The link to the Scientific study poses no relevancy in regards to the concept of Justice and its complications, which yes, are indeed created by man. Let be break this down for you simply: their brains reacted to what they felt was unfair treatment or erroneous financial distribution. And, perhaps I am wrong here as I skimmed the irrelevant portions of that link, but they were drugged also and thus their reactions changed. In that case it reinforces my point and proves that the human brain is readily susceptible to outside interference and such a notion is not primitive but merely a generated idea. Either way, it still does not change the relativeness of such notions, nor does it make their interpretation of Just universal. The entire context of the article can be turned on its heel with simply observing some obscure cultures or conducting the experiment in a different context. Take someone from a Buddhist(if anyone reading this is Buddhist and notes that I have said something wrong then please do correct me)culture in the context of that experiment. Buddhist do not immediately take things that are of free-will given to them, for they believe they will re-live their lives until they have payed off that 'debt', and so they must be asked in a different manner in order to accept some of the offering. If someone whom the buddhist considers equal happens to receive some money and wants to divvy the money, and states 'I will split this money with you.
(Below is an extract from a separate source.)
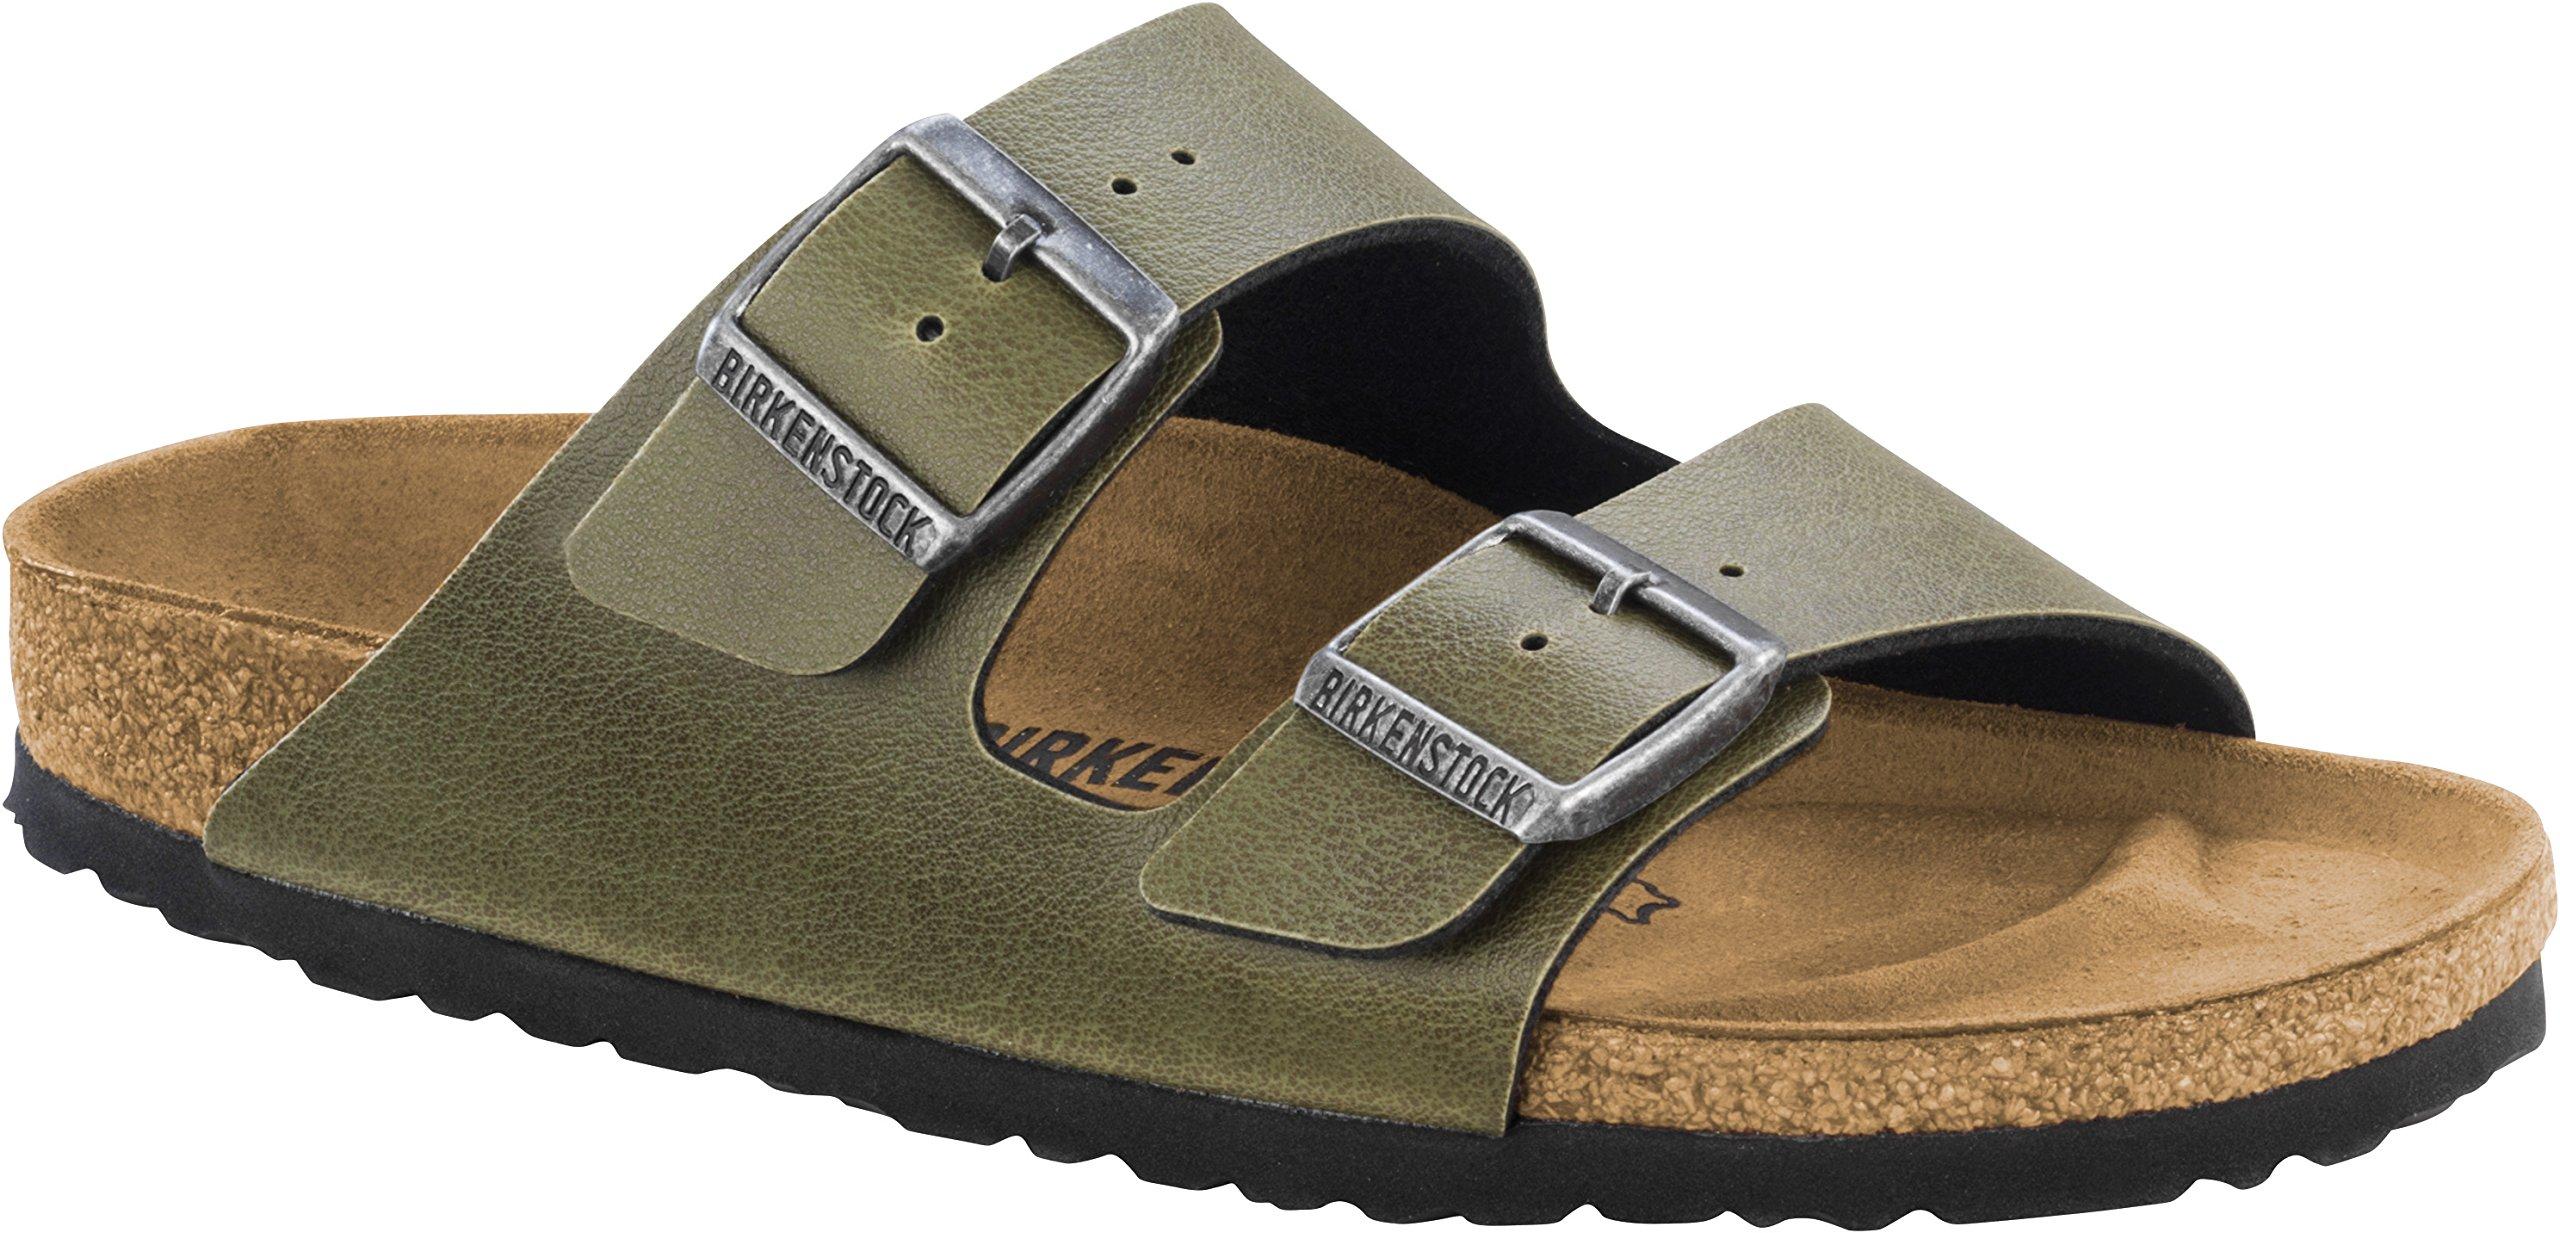 Birkenstock Unisex Arizona Olive Birko-Flor Pull Up Sandal
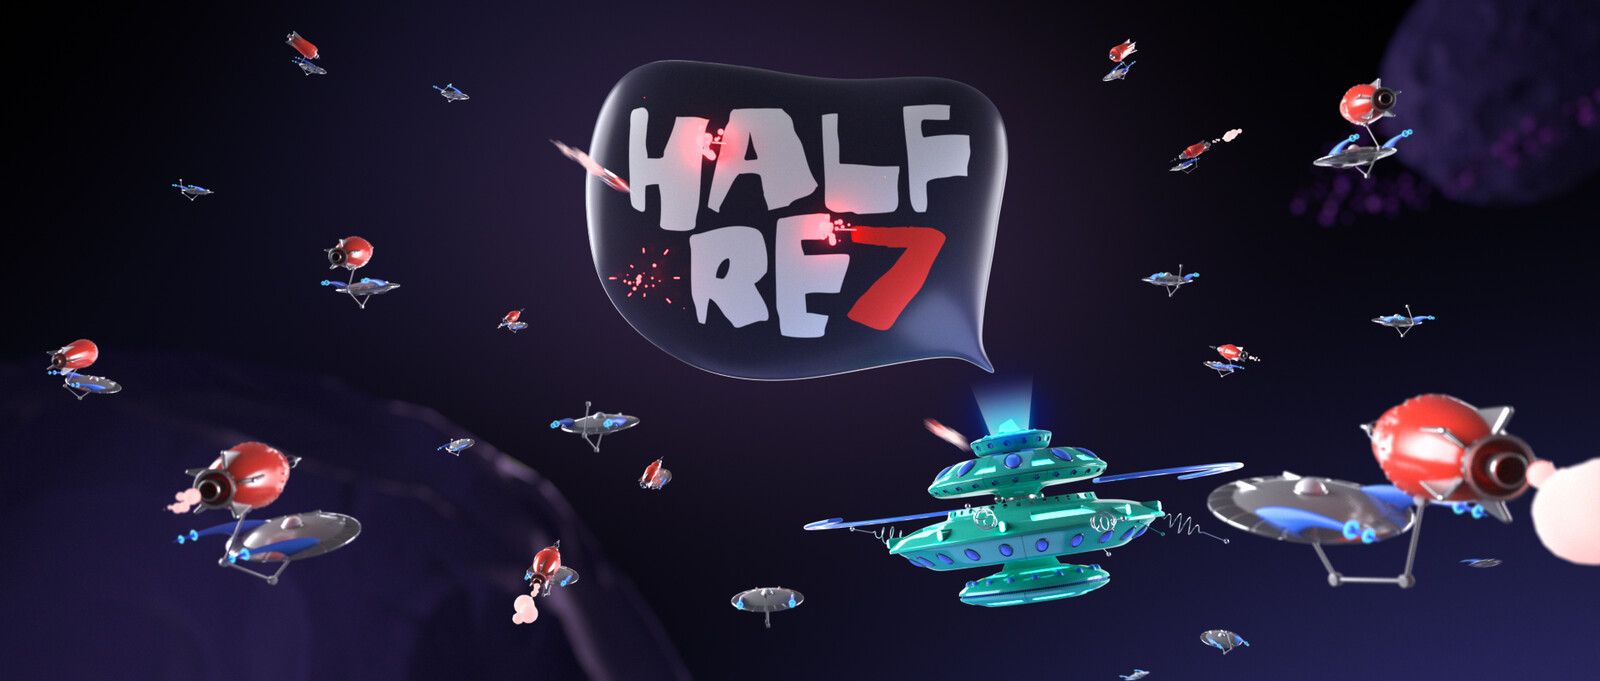 Half Rez 7 - Mothership Bumper

Would you like to have half of this money?' then the Buddhist would obviously reply with a 'No'. But if the person persist and states something along the lines of 'It would truly fill me with happiness if you took at least 10% of this money', and the Buddhist replies 'Yes', then no such emotional reactions that the men experienced in your link would occur nor would I believe they would have a specific correlation to injustice in their brains. Thus there we have established that what the men and women considered injustice in that experiment is not absolute, and therefore is not 'ingrained/wired within our brains' as you put it.
"Its not just some notion, we are wired for it. Fairness isn't some notion, its a need that we humans have. And justice systems help meet that need."
1)I've explain why I disagree with such a notion and reinforced it with logic.
2)Fairness is a need, now?! Surely you jest. At this point I feel like you need to take a step back and look at the real world. Guiltless people are sent to prison daily. Innocent bystanders simply minding their own business are killed for no good reason. People in social media are judged off of political position instead of merit. Children in this country who are born to unfortunate circumstances possess no food whatsoever and yet we are the land of the most Obesity. Injustice is observed everywhere within our world all of the time, and yet you feel like humans as a collective possess a need for it? Please! It's an Egoist society we live in. Surely you realize at least this much. Though there are many advocates of what they consider to be 'fair' behavior, it still reaches nowhere.
3)The Judicial System employs Societies notion of Justice, which, as I've heavily demonstrated, is both completely relative in nature and bears no absoluteness whatsoever. Not only is it imperfect, it is ineffective, and prays and panders to social status, political power, and for the less fortunate, how good of a public offender you have. Ergo, we are left with the last statement of my initial post, Justice is simply an imposed notion enforced by man to assume equality when it, in fact, does not exist. And you say this is the engraved Justice within us humans?